• Action item:
With the exception of the pictures, write out the data below precisely.

BEGIN Data segment

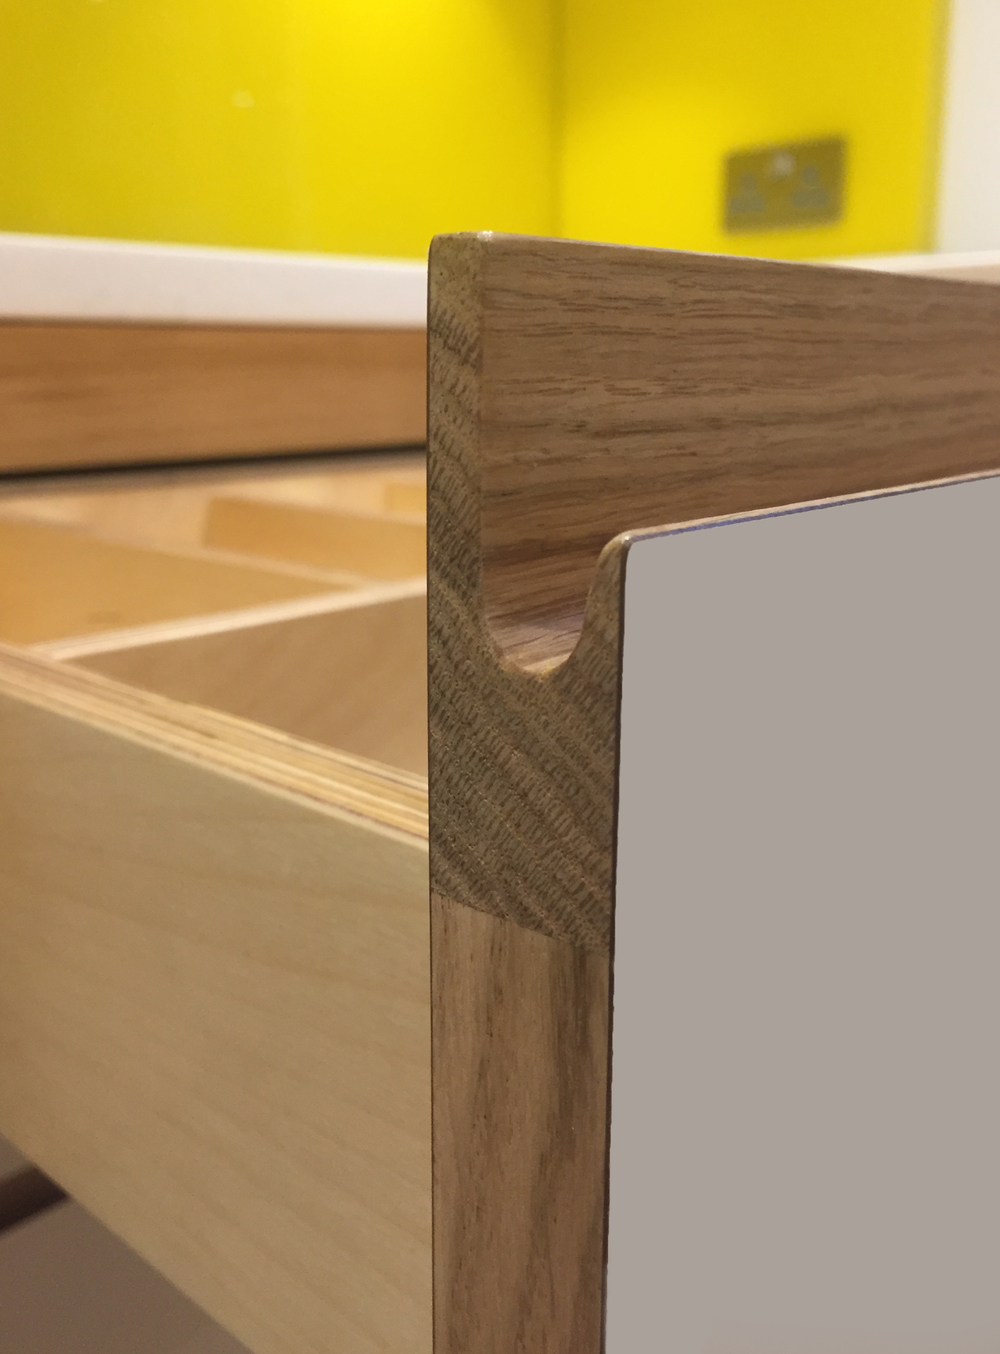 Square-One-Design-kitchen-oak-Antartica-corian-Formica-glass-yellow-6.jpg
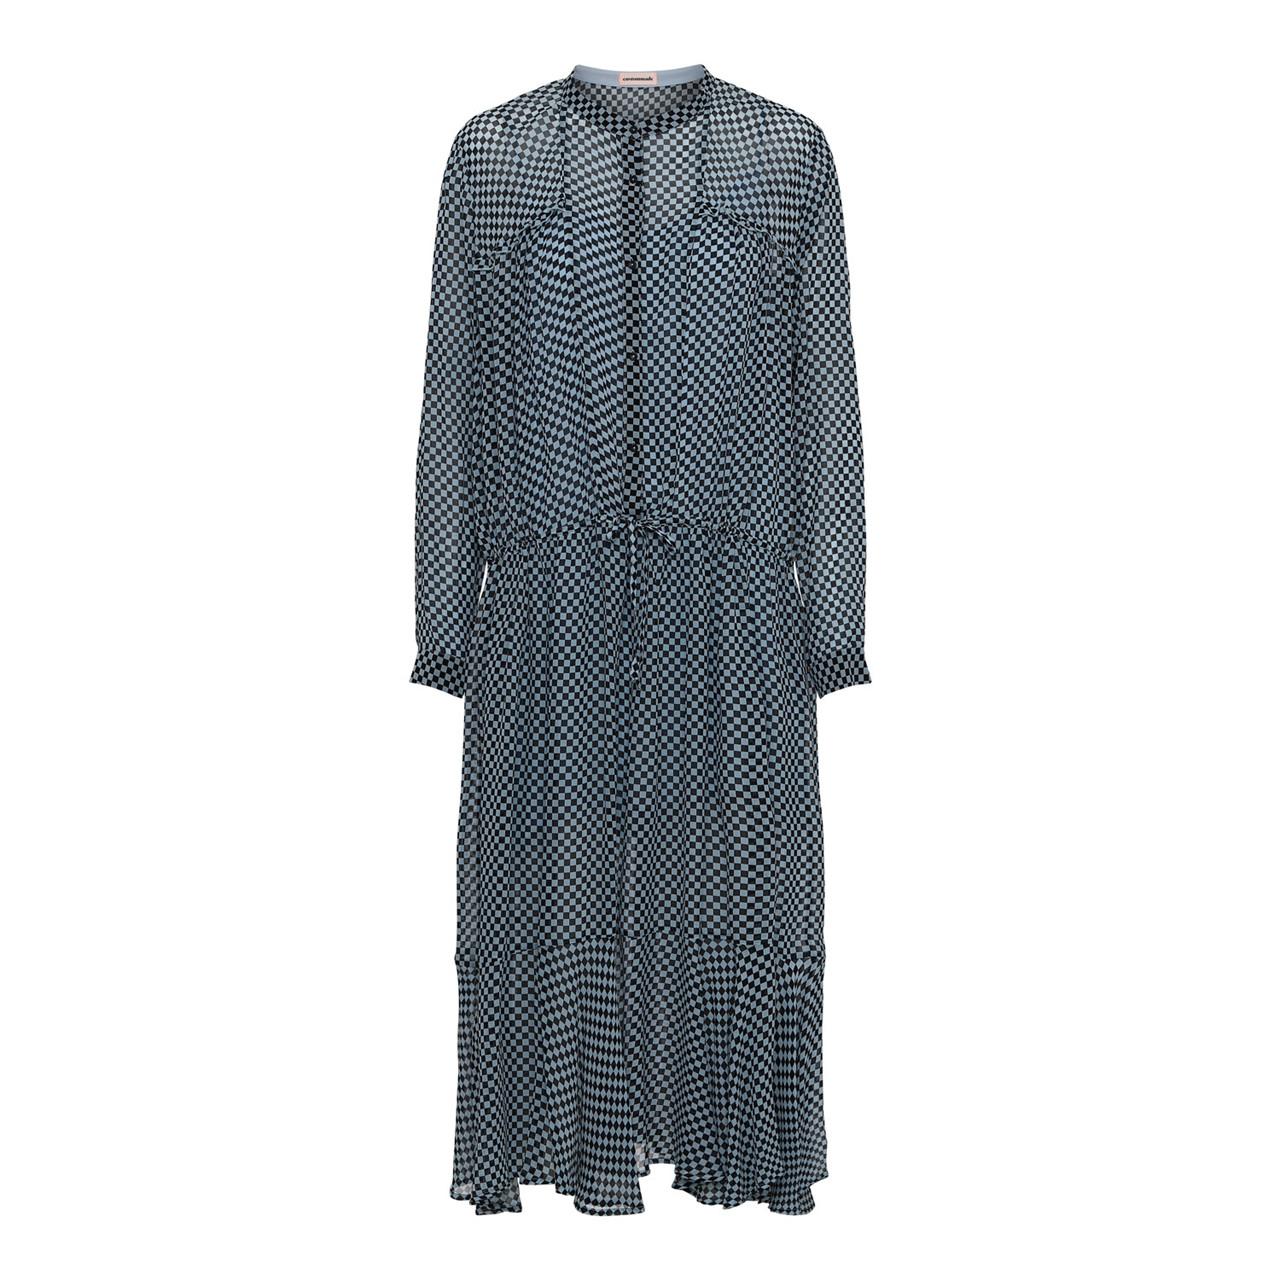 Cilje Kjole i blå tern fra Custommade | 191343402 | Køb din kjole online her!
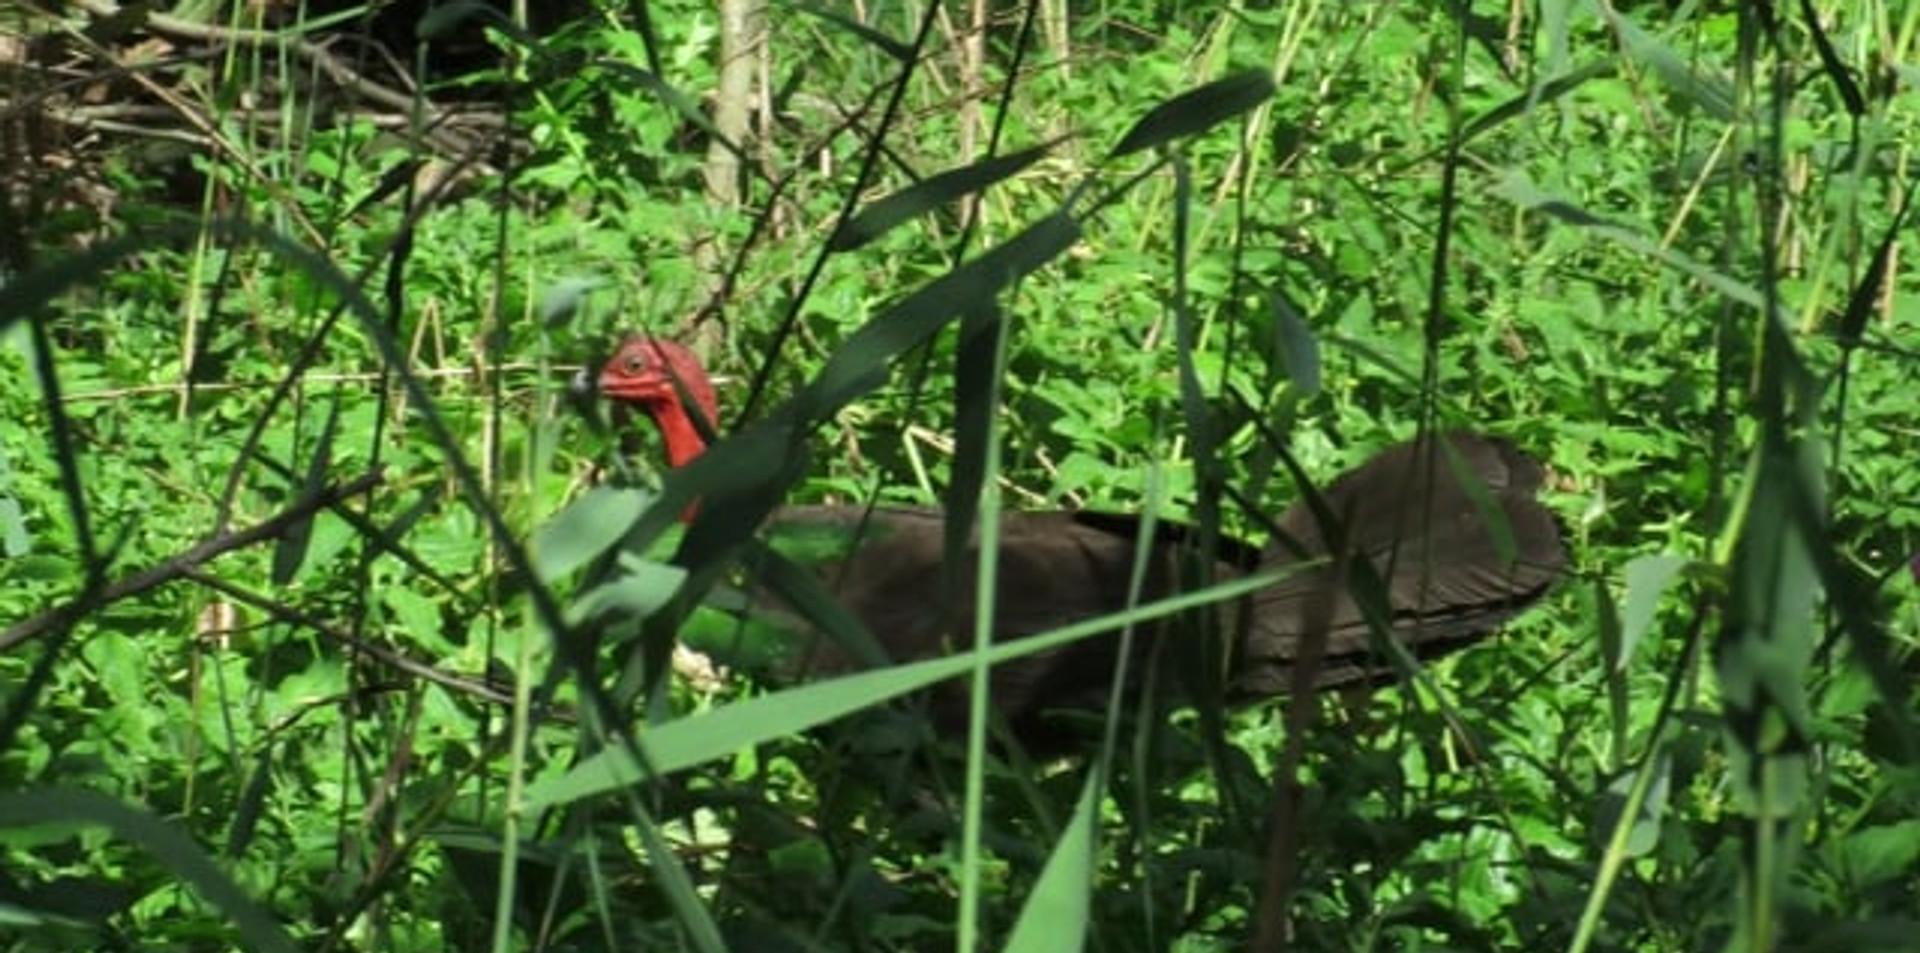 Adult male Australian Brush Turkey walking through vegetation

END Data segment

• Completed exercise:
 Square-One-Design-kitchen-oak-Antartica-corian-Formica-glass-yellow-6.jpg
 Cilje Kjole i blå tern fra Custommade | 191343402 | Køb din kjole online her!
 Adult male Australian Brush Turkey walking through vegetation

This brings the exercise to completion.